**SOURCE DATA:**
※

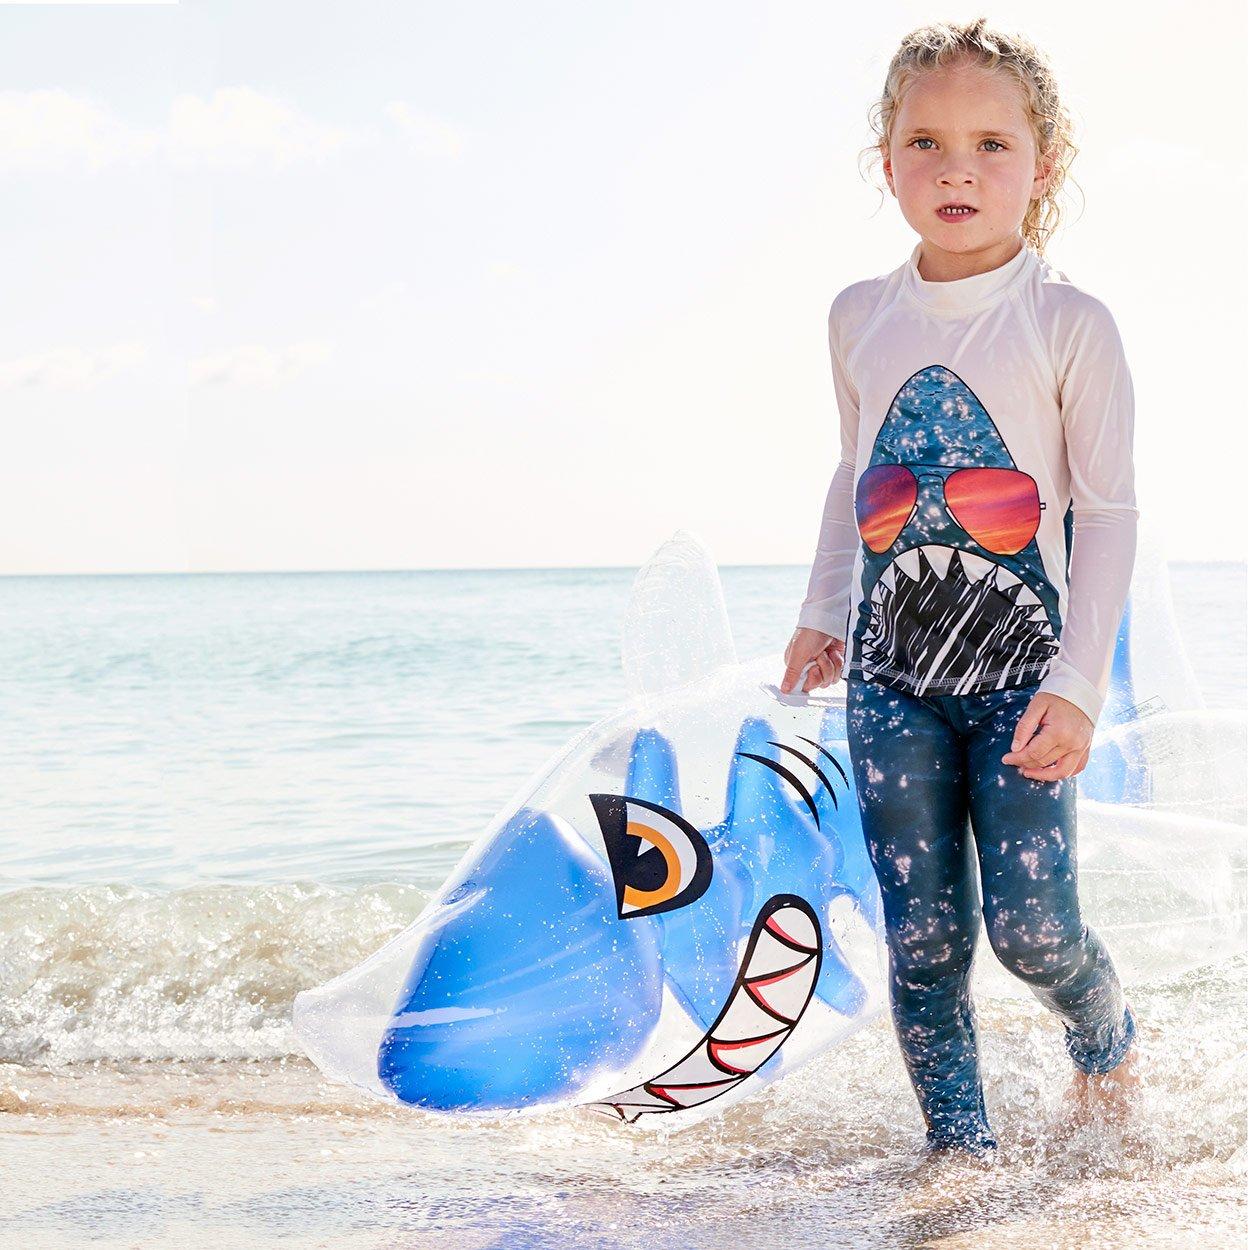 Shark 2Pc Rash Guard Set Girls With Inflatable Shark On The Beach Sunpoplife
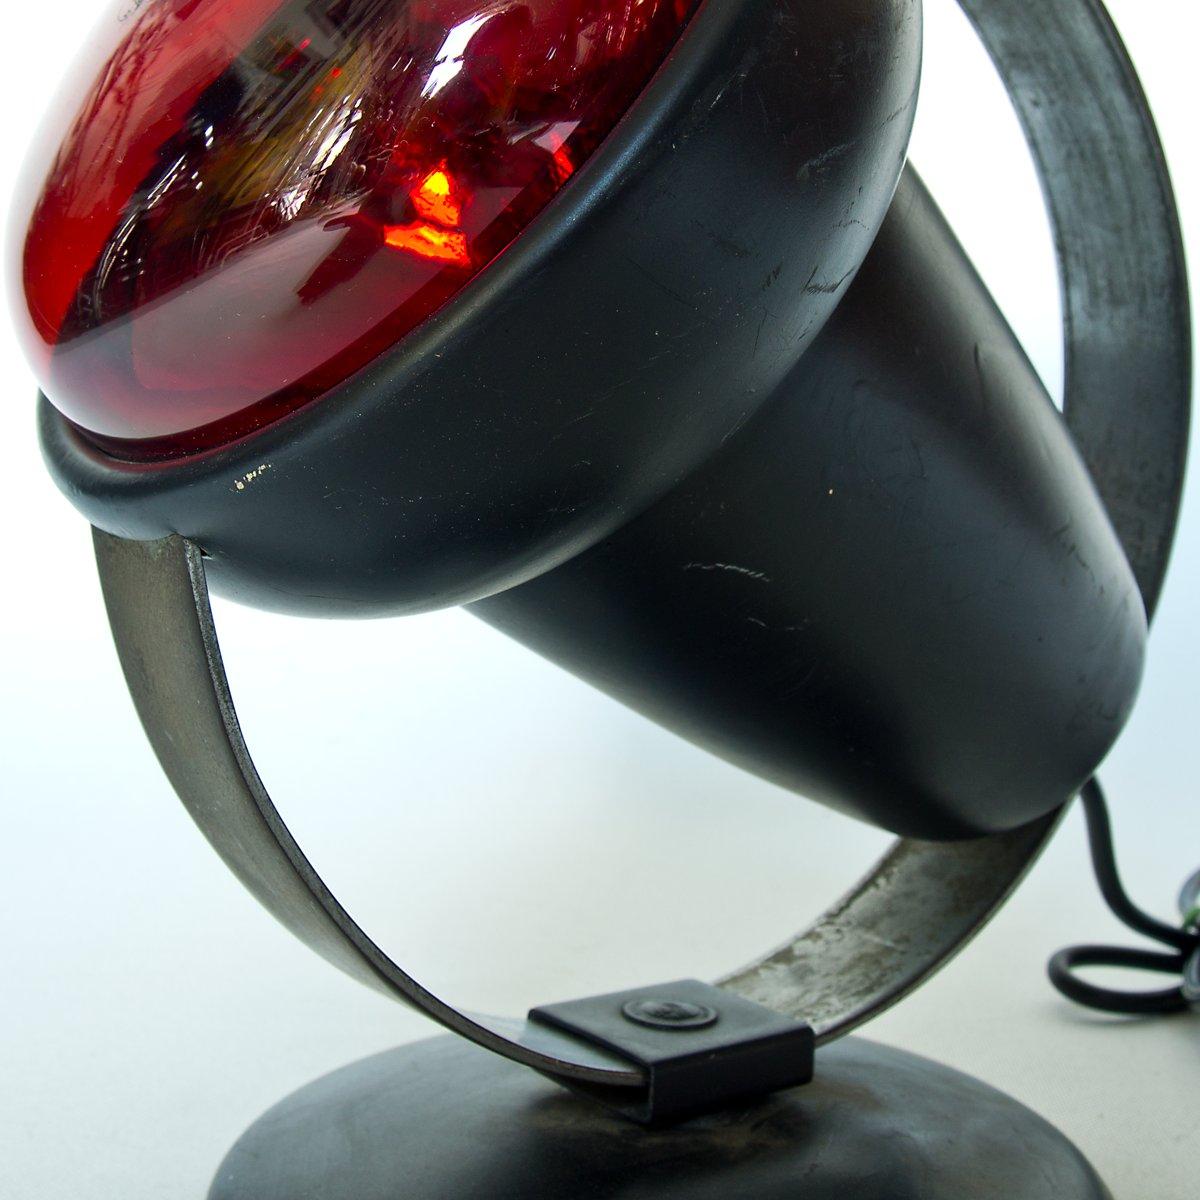 schwarze infrarot lampe von charlotte perriand f r philips. Black Bedroom Furniture Sets. Home Design Ideas
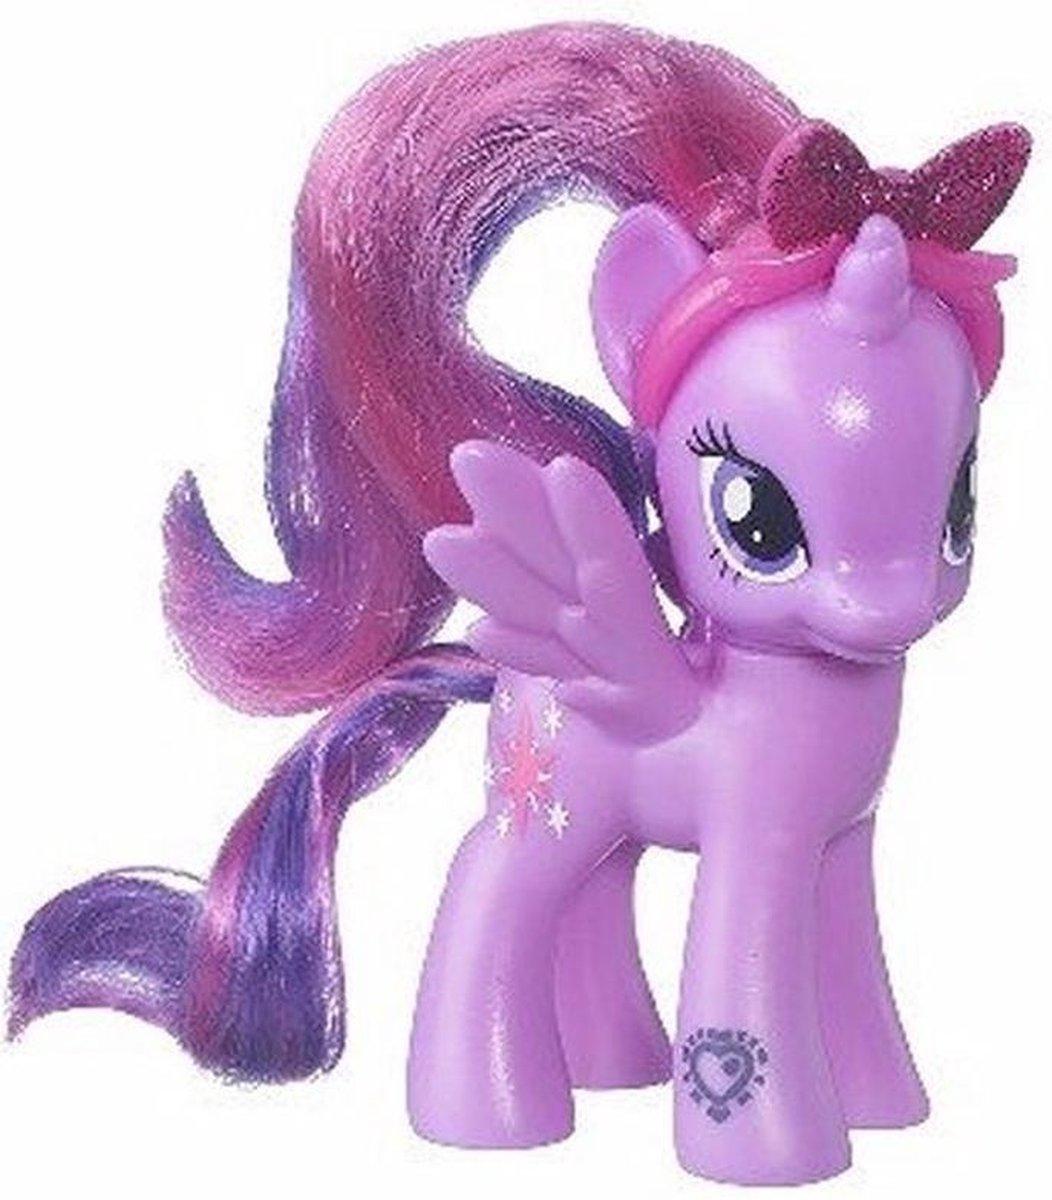 My Little Pony Twilight Sparkle speelfiguur 8 cm - My Little Pony

※

**ABOUT THIS TASK:**
An exact transcript is required, covering the lines from the one containing "schwarze infrarot lampe" through the end of the listing above, inclusive, without pictures.

**TASK RESPONSE:**
 schwarze infrarot lampe von charlotte perriand f r philips. Black Bedroom Furniture Sets. Home Design Ideas
 My Little Pony Twilight Sparkle speelfiguur 8 cm - My Little Pony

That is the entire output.